Third: the emergence of artist-led businesses. Indie labels, publishing houses, merchandise companies, even marketing firms – these aren’t side hustles; they are real businesses that make artists more resilient. Look at Taylor Swift: she turned touring and merchandise into a multi-billion dollar engine and then used that leverage to repurchase her rights. It doesn’t stop at the music or the tour – what else can be built that strengthens the artist’s reach and longevity?

It isn’t just about past earnings anymore; it’s also about future potential

Alex Heiche

Considering all of that, let me ask you this: would you rather invest in a spreadsheet of royalties, or in a creator who can turn one TikTok post into a global audience overnight?

That is why Sound Royalties exists. We don’t invest in catalogues. We empower creators and their teams to invest in themselves, without requiring them to sell ownership. 

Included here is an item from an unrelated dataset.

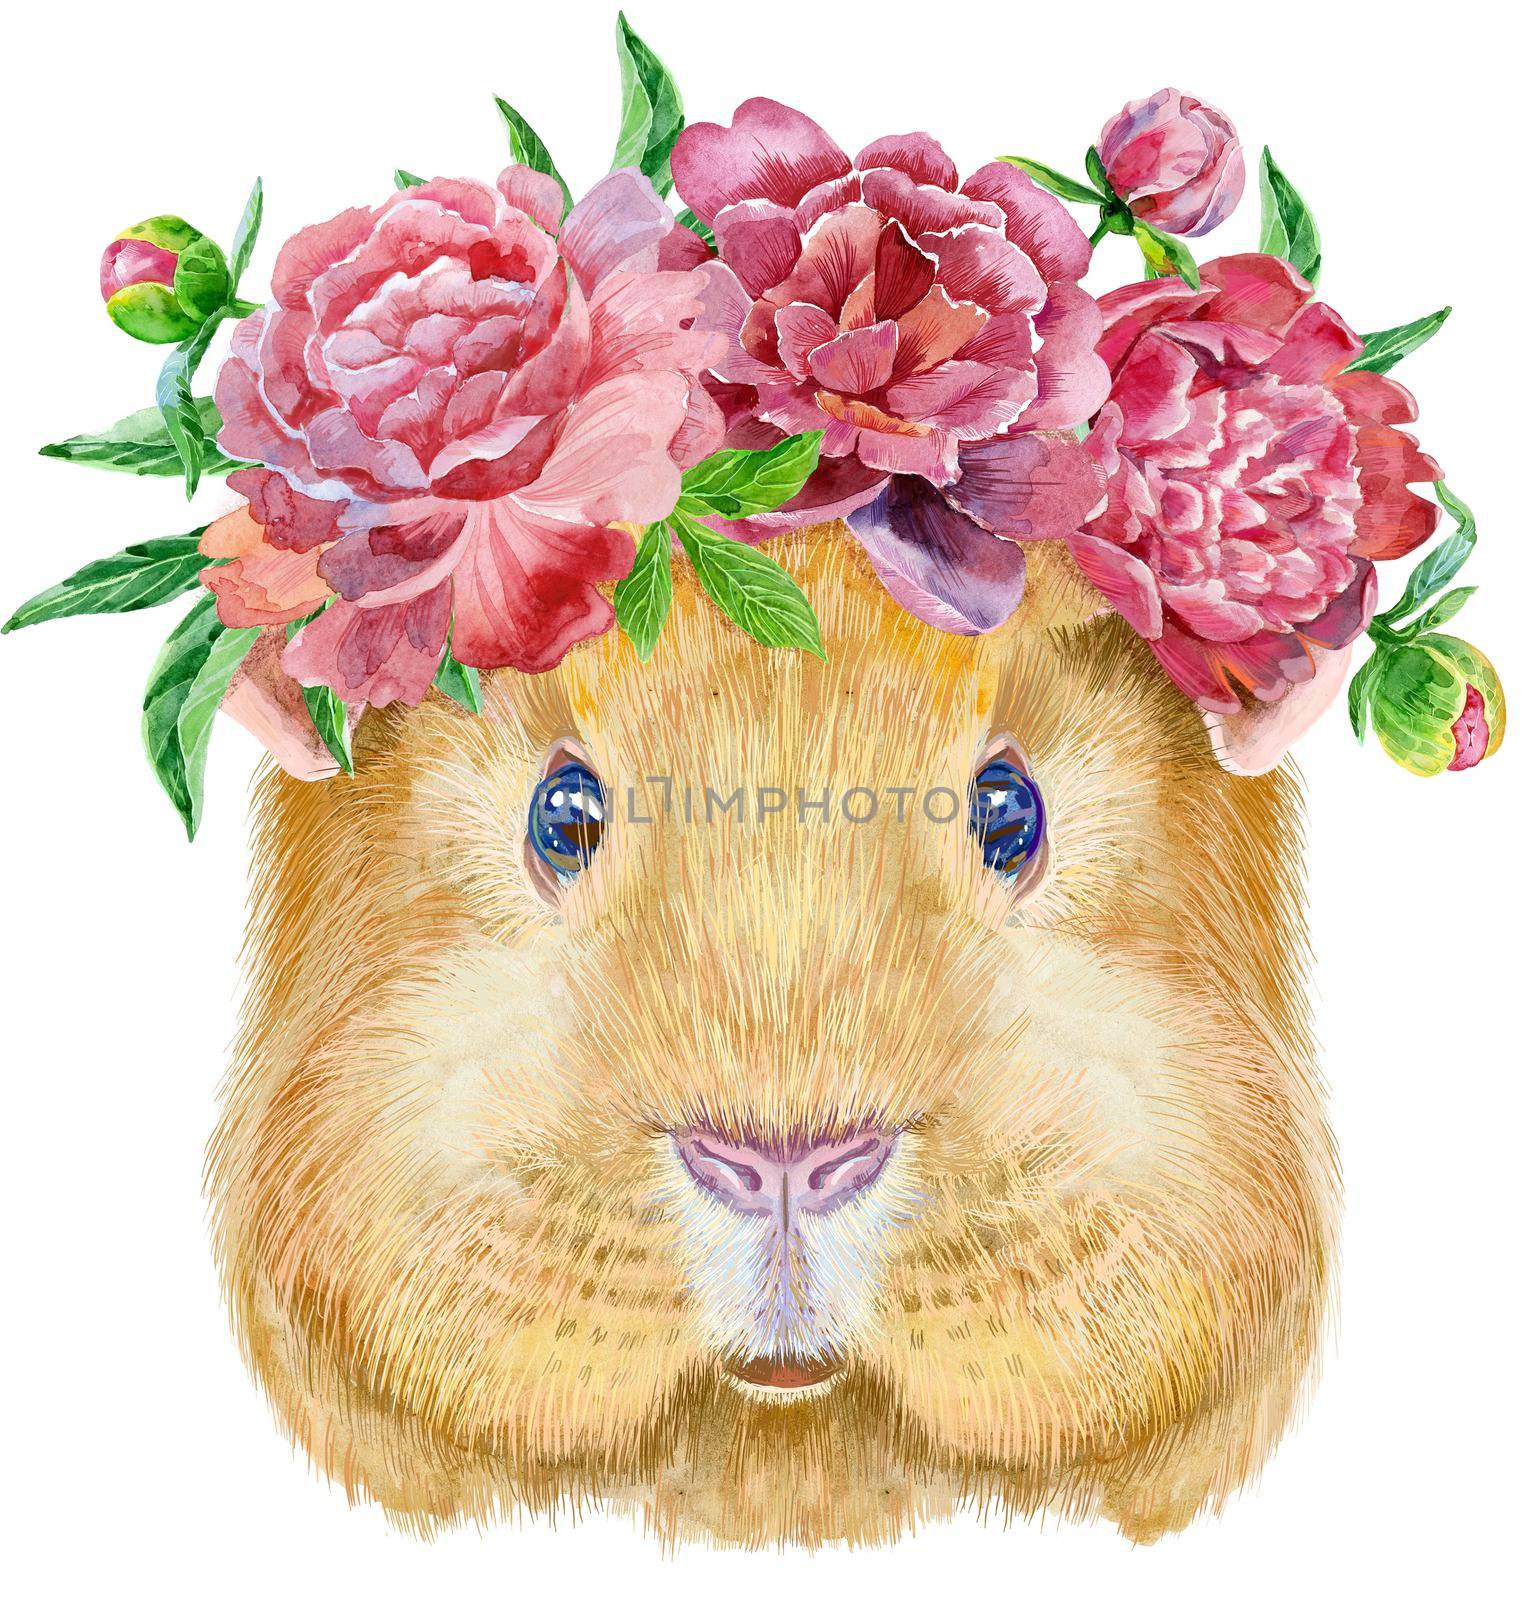 Watercolor portrait of Self guinea pig with flowers on white background by NataOmsk

Take Brent Faiyaz. Early in his career, he turned to us not for millions, but for a little breathing room – to tour, to create, to invest in himself. That space helped fuel music that has since surpassed four billion streams, led to his own independent label and creative agency, and landed him No.2 on the US albums chart. That’s what can happen when you give artists capital without taking away their rights.

Today, artists want to keep control of their rights – but they also recognise the value of the creative services that labels provide: marketing, global distribution, radio promotion, sync pitching, creative strategy. The tools that can take a career global.

When artists and managers negotiate their label, distribution or publishing deal not needing money, they have more leverage. They can choose the services they need, negotiate stronger terms, and build true partnerships rather than compromises born out of necessity.

So let me leave you with this thought: Goldman Sachs projects that global music revenue will double to nearly $90 billion by 2030. That future revenue isn’t just numbers; it’s songs that haven’t been written yet. It’s the 14-year-old at home scribbling lyrics about her life, or the next producer building beats on a cracked-screen laptop that barely holds a charge. They are the future value of this industry.

If we get this right… if we back creativity with the right tools and capital; then we won’t just make music investable. We will make creators unstoppable.